Skip to main content

Module queue

Module queue 

Source
Expand description

Bounded admission gate.

Per docs/protocol-v1.md §“Admission semantics”: at most active_permits + queue_depth outstanding requests across the whole daemon at any time. The (active_permits + 1)th request is still admitted (it just queues behind the active one); the (active_permits + queue_depth + 1)th is rejected immediately with Response::Error{code: queue_full}.

Implementation: a single tokio::sync::Semaphore whose total permit count is active_permits + queue_depth. Per-request flow:

  1. try_acquire_owned — non-blocking. If no permit available, return QueueFull. The wire layer translates that into a terminal Response::Error frame.
  2. Hold the permit for the duration of the generation (the OwnedSemaphorePermit guard goes onto the request future’s stack).
  3. Drop on completion / cancellation. Permit returns to the pool, freeing slot for the next admit.
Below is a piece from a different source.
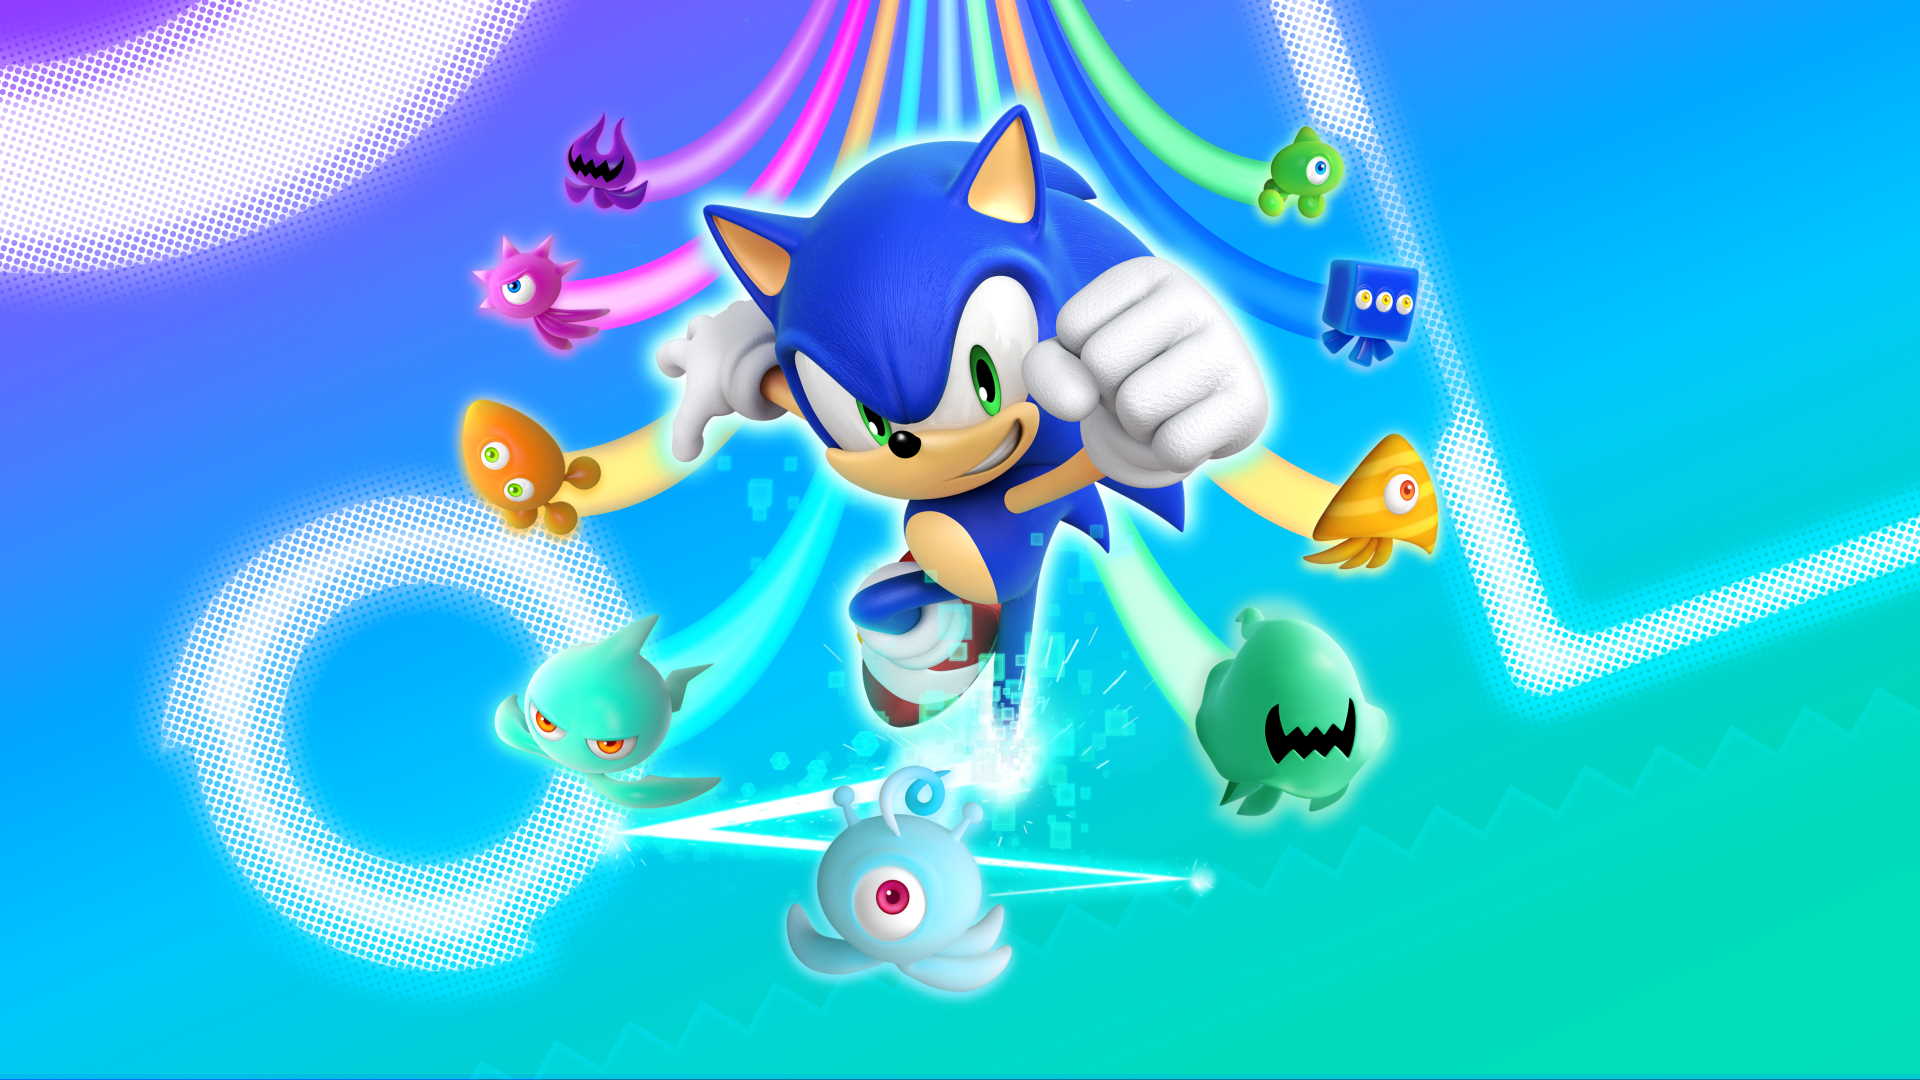 Preview: 'Sonic Mania' is the lost Sonic game you always wanted

For v0.1 the daemon’s only backend (llamacpp) is single- threaded internally — concurrent generates serialise on its inner mutex. Setting active_permits=1 matches that reality without bottlenecking the wire layer (which is happy to read and queue many requests). v0.2’s continuous-batching backends will raise active_permits above 1.

Structs§

Admission
Shared admission gate handed to every per-connection task via lifecycle::AcceptContext. Cheap to clone (just an Arc bump).

Enums§

SubmitError
Errors returned by Admission::try_admit.